──────── Exercise data
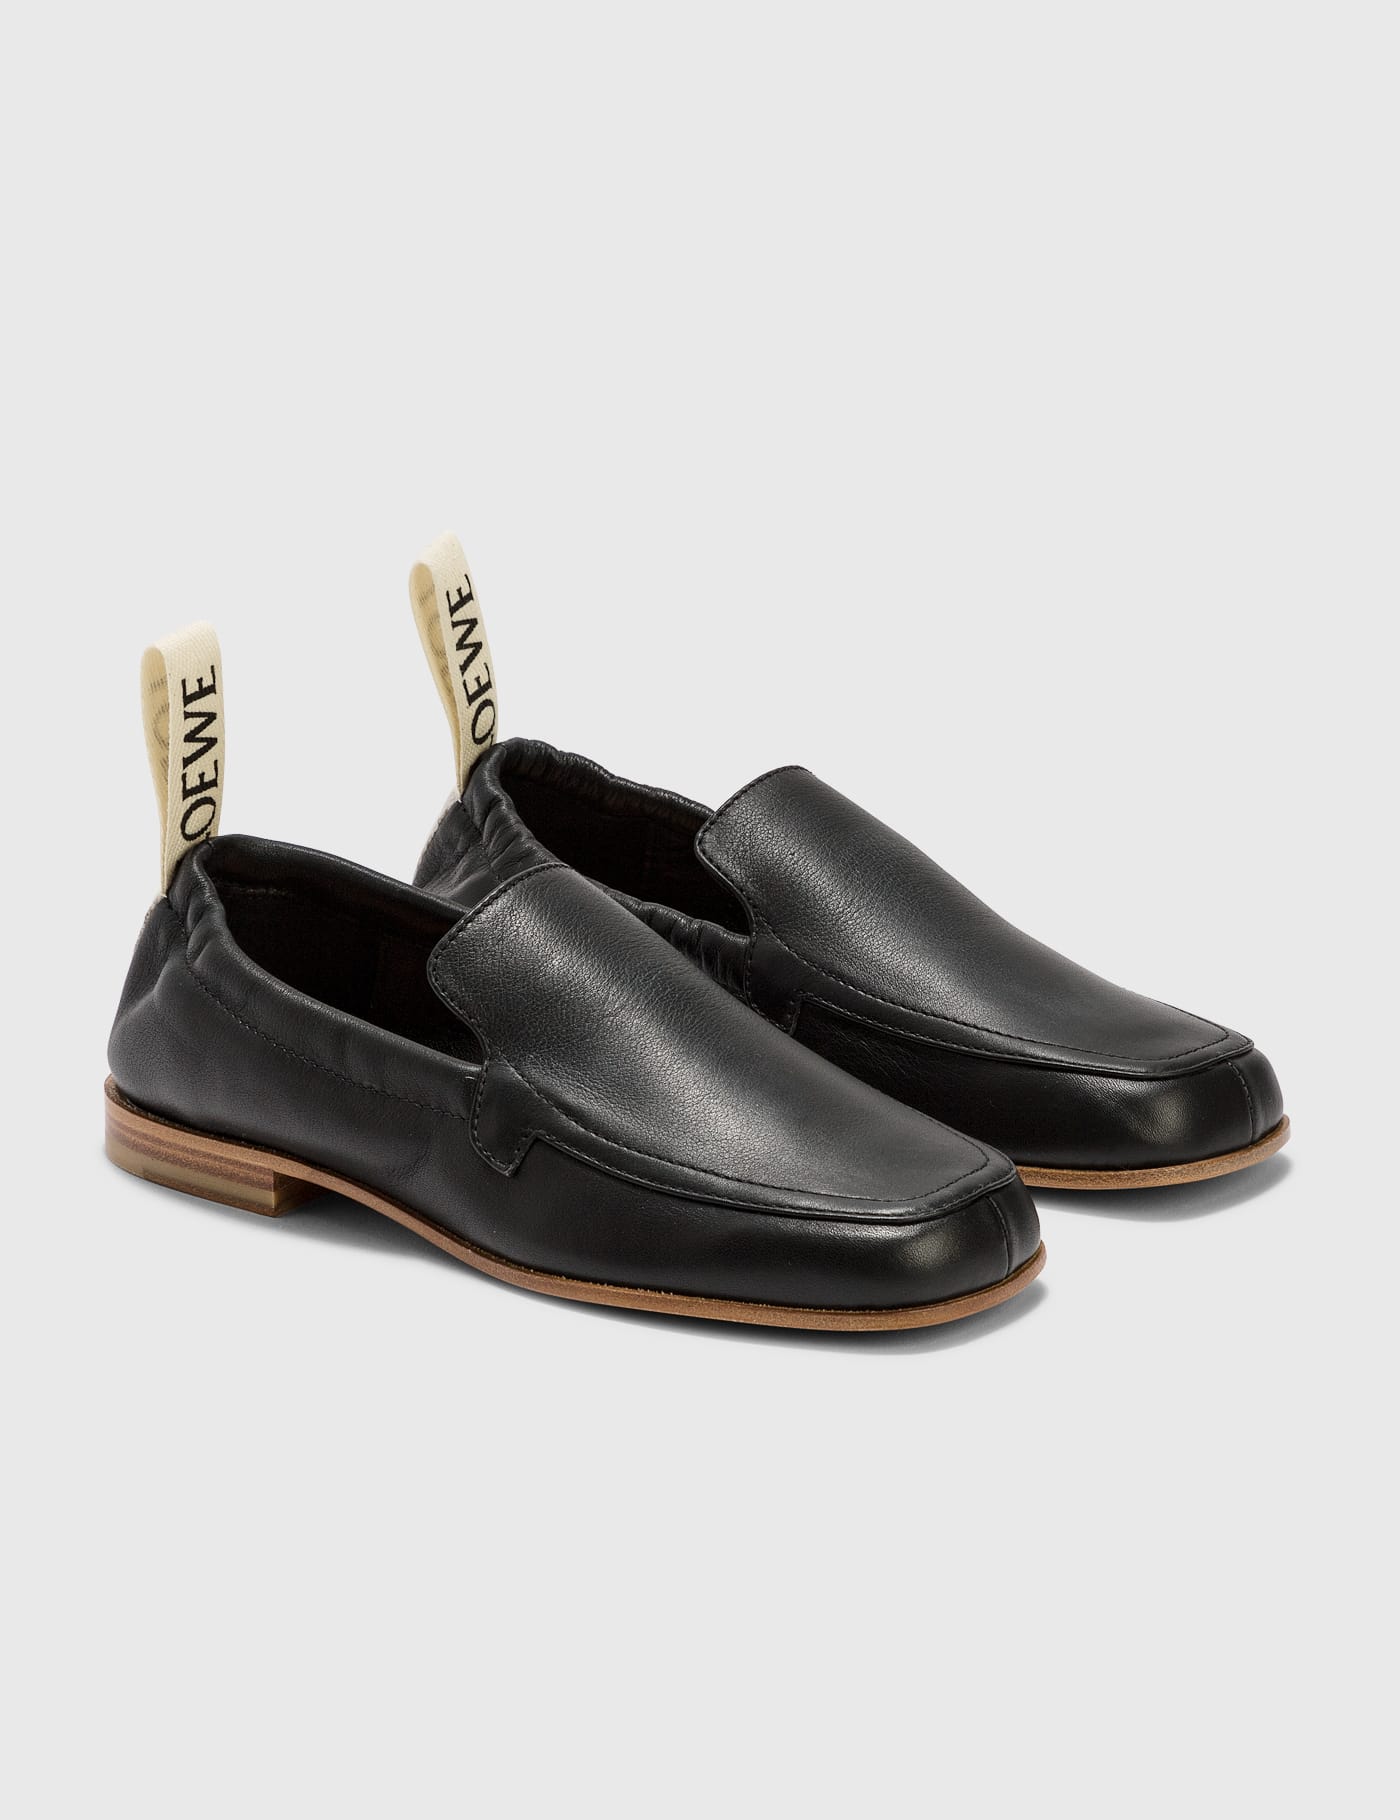 Loewe - Elasticated Loafer | HBX - Globally Curated Fashion and Lifestyle  by Hypebeast
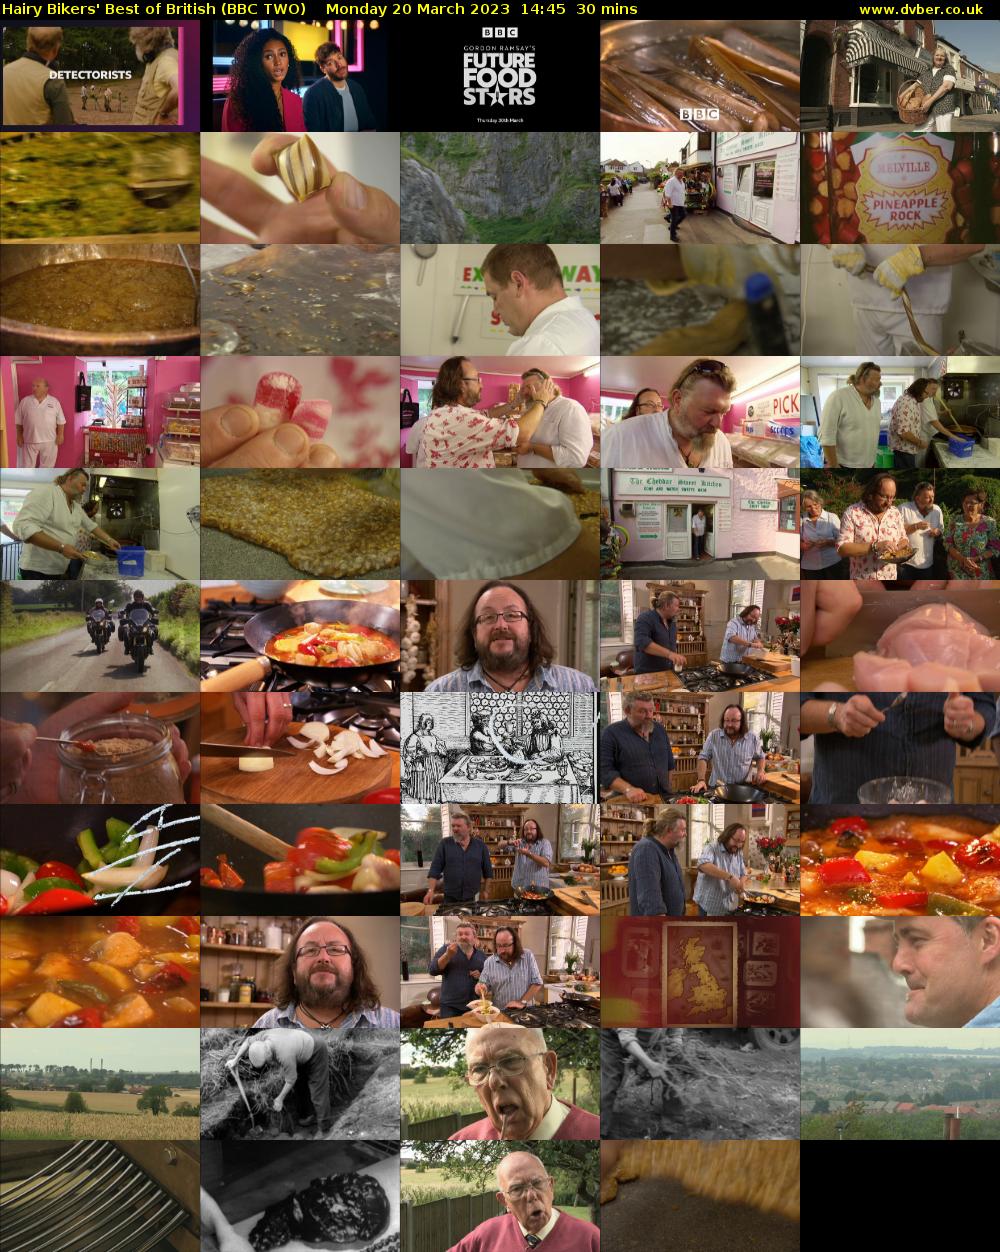 Hairy Bikers' Best of British (BBC TWO) Monday 20 March 2023 14:45 - 15:15
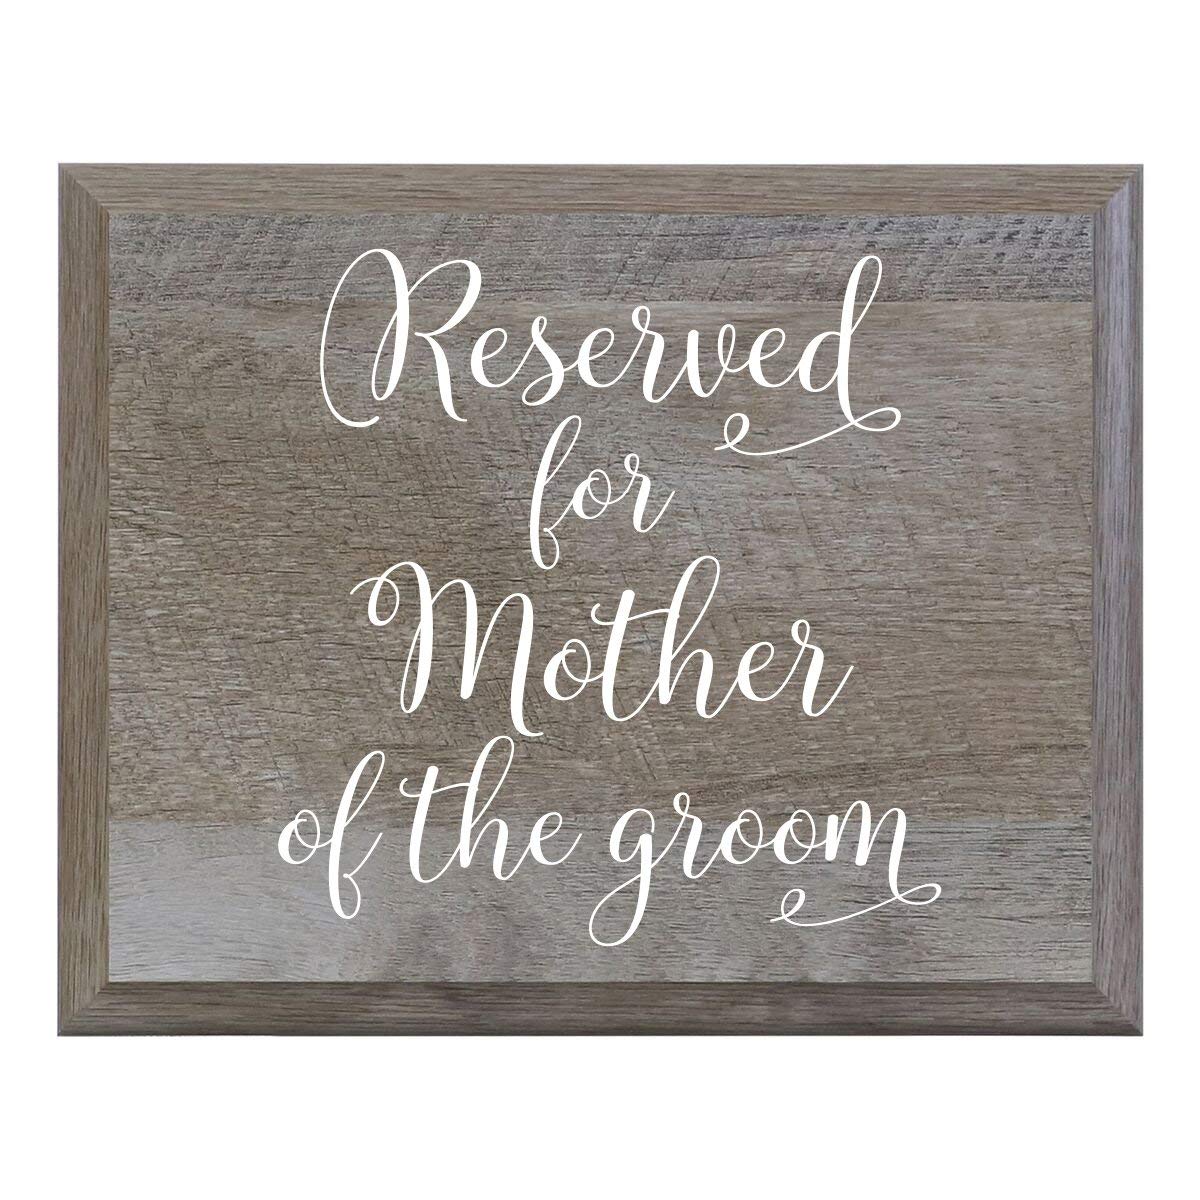 Reserved For Mother Of The Groom Decorative Wedding Party sign (8x10) - LifeSong Milestones
────────────────
Task details:
Once the pictures are dropped, please print every remaining line of the material verbatim.

Exercise solution:
 Loewe - Elasticated Loafer | HBX - Globally Curated Fashion and Lifestyle  by Hypebeast
 Hairy Bikers' Best of British (BBC TWO) Monday 20 March 2023 14:45 - 15:15
 Reserved For Mother Of The Groom Decorative Wedding Party sign (8x10) - LifeSong Milestones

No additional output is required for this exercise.